Он улыбнулся — беспомощно и печально.
— Я хотел бы сказать: «Останься», но законы природы мне не подвластны…
— Так не может продолжаться вечно! — она задохнулась от слез и гнева. — Три минуты и ни секунды больше!.. Зачем же ты приходил?..
— Я не могу без тебя, — шепнул он.
Голова закружилась у Ники — поцелуй опьянил ее.
— Я тоже… — голос ее дрогнул. — Не гони меня…
— У нас еще полминуты, — грустно ответил он. И она очнулась — сон рассеялся.
— Неужели ничего нельзя изменить? — взмолилась, ломая пальцы. — И мы разлучены навеки? И никогда не будем вместе?! Не верю! Я люблю тебя…
Но закружилась звездная карусель, надвинулся сизый мрак…
…Ника стояла в своей комнате в пестром домашнем халатике, и поцелуй Кина горел на ее губах.
— Наблюдатель Z! Кто позволил вам использовать темпоральный переход во время паузы?! Немедленно сдайте вахту! За нарушение инструкции вы отстраняетесь от участия в эксперименте, — лицо заведующего лабораторией расплылось на экране пульта. Связь отключилась.

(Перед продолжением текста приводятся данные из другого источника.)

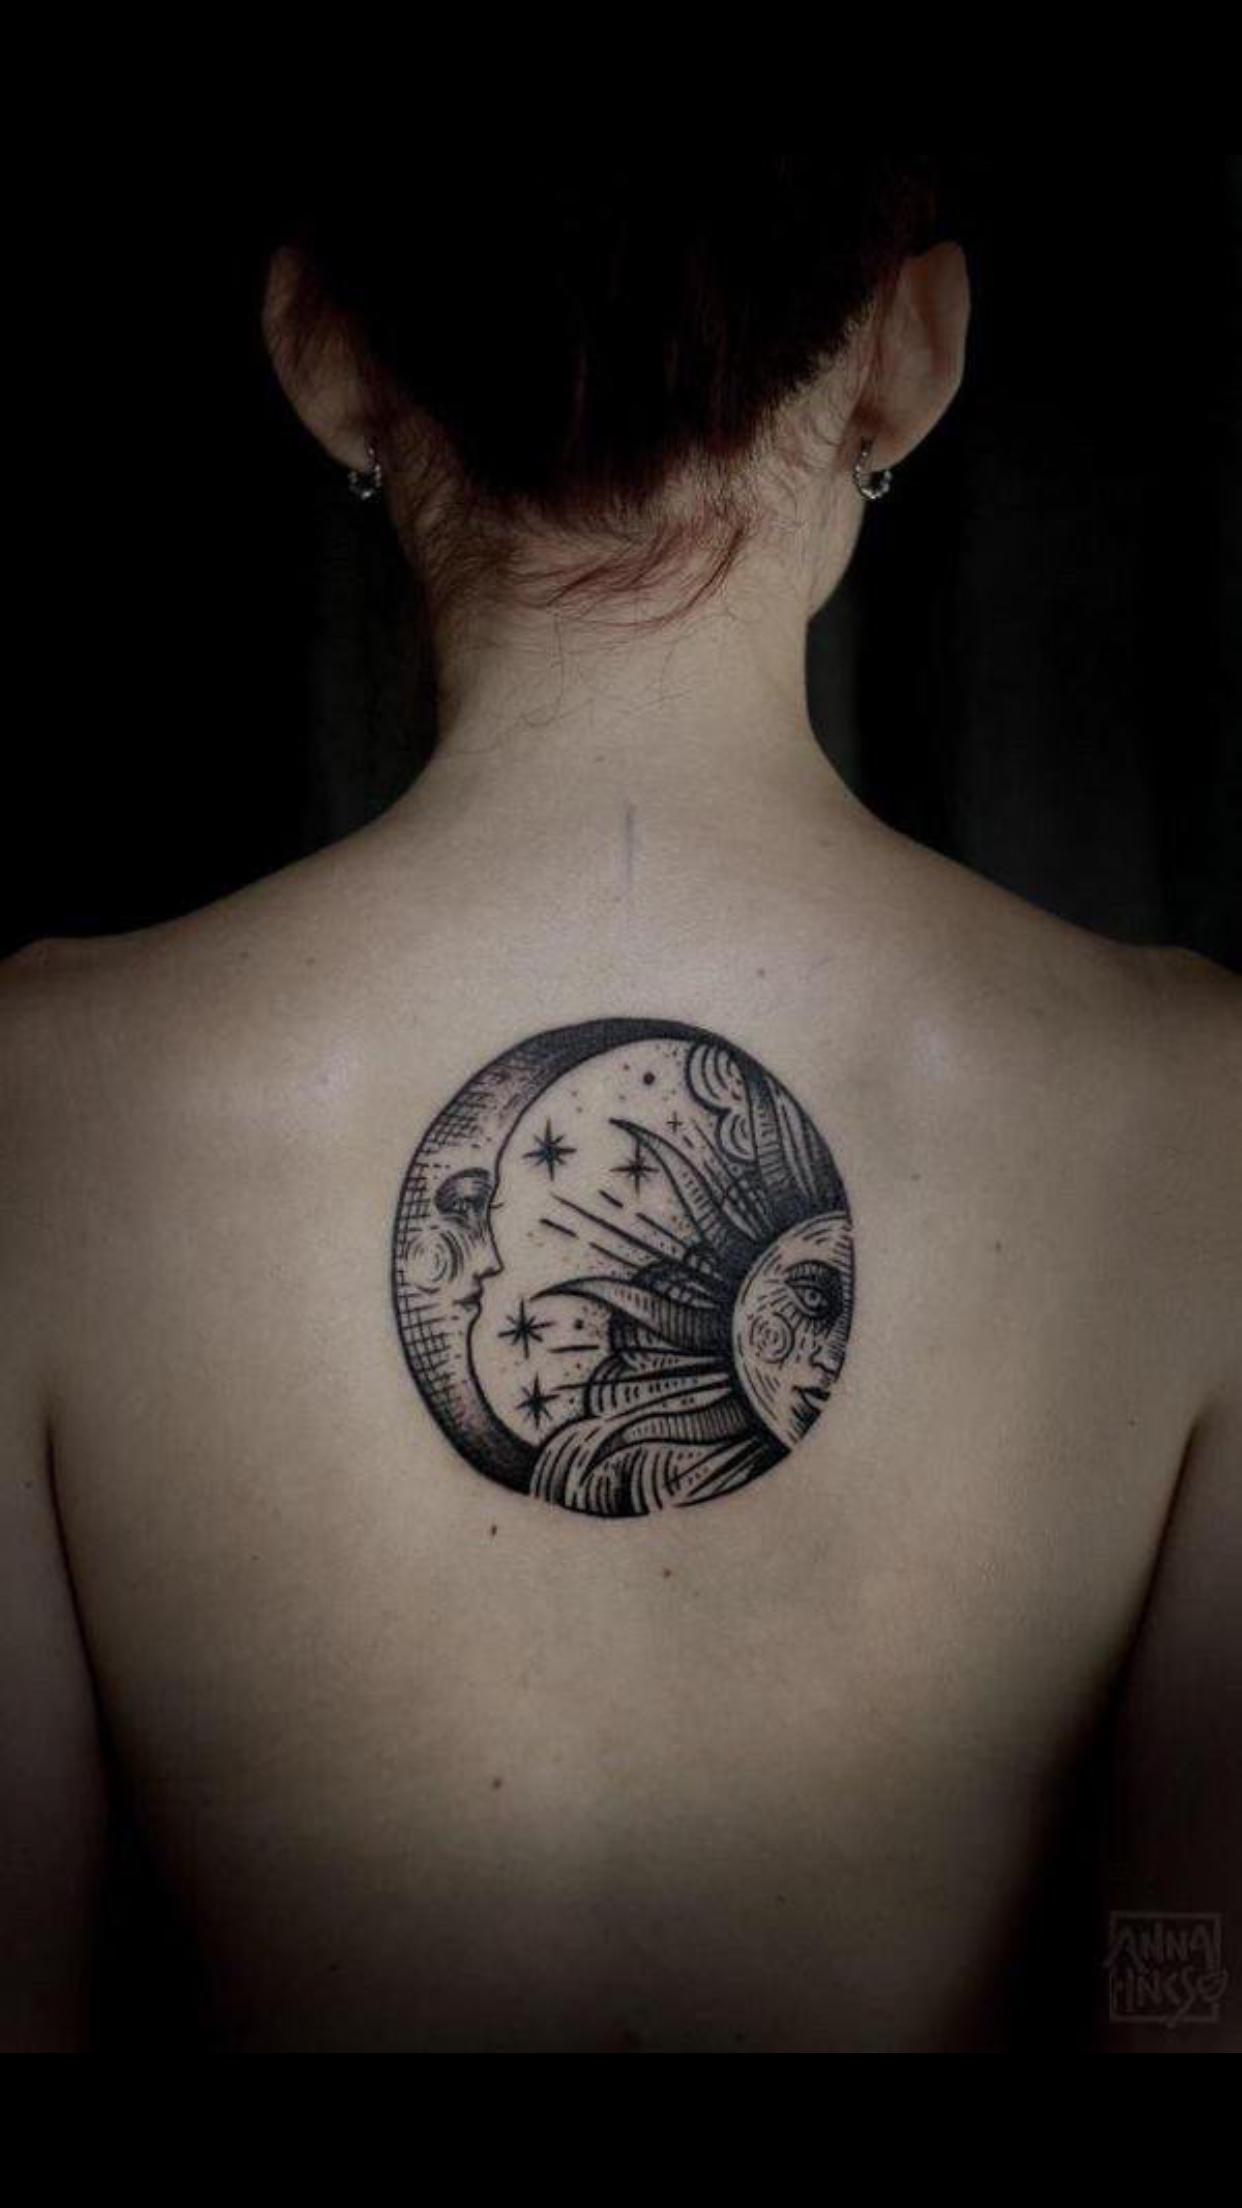 Pin by Brittany Kovach on Tattoo ideas   Moon tattoo

«Ну вот и все, малышка, — с горечью подумал Кин. — Я больше никогда тебя не увижу. Ты обо мне забудешь, поверишь, что все это было сном, что ты сама придумала наши встречи. А я не смогу даже проститься с тобой… Как жаль, что эта сказка так скоро кончилась…»
Он вышел из операторской. Зеркало в тяжелой бронзовой раме скрыло тайник в стене. И мрачная роскошь средневековья вновь окружила путника, заплутавшего во Времени.
«Сейчас пришлют смену, и я навсегда покину этот унылый дом. Вернусь в институт, в лабораторию. Получу „строгача“ за внеплановые „испытания“… А Ника так и не узнает, кто являлся к ней каждую полночь — на три минуты. Мы разминулись в Вечности и встретились лишь на миг. Прости меня, девочка. Я не хотел причинить тебе боль…»
На другую ночь он не пришел. Ника ждала напрасно. Давно минуло время назначенной встречи, а она все сидела, окаменев, и смотрела на циферблат — с отчаянием и страхом.
«Разлюбил? Бросил? Забыл? Или пал на дуэли, пронзенный шпагой? Семнадцатый век, век поэтов и мушкетеров, не выпустил тебя… Оборвалась тропинка над пропастью. Время не воротится вспять… Где ты, Кин? Как мне жить без тебя?..»
Кин шел по институту, на ходу кивая коллегам, поздравлявшим его с возвращением. Для теоретиков и стажеров историк-наблюдатель был чуть ли не героем, но администрация недолюбливала эту беспокойную братию, и, конечно, после целого ряда проступков рассчитывать на снисхождение не приходилось.
— Да, старик, в прошлом ты порядком наследил, — сочувственно обронил Грем, встретив его в коридоре. — Шеф бушует. Шутка ли — угодить на полотна гения! Как тебе удалось? Знал бы Ван Дейк, кого рисует… Ну, да ладно! Спишут «за давностью лет»… А вот что ты забыл в двадцатом веке, хотел бы я знать? Ведь это не твой профиль…
Не удостоив его ответом, Кин круто повернулся и проследовал в кабинет директора — «на ковер».
Ника обегала всю Москву, пока в одном из «Букинистов» не отыскала репродукцию «Воина в латах…». Теперь он стоял у нее на столе, в рамке под стеклом, и вызывал недоумение у мамы, вытиравшей в комнате пыль.
А Нике все чаще приходила в голову горькая мысль: «Да было ли все это? Начиталась на ночь фантастики — и вот результат…» А Кин смотрел на нее с портрета насмешливо и гордо. И казался теперь неприступно-чужим и далеким…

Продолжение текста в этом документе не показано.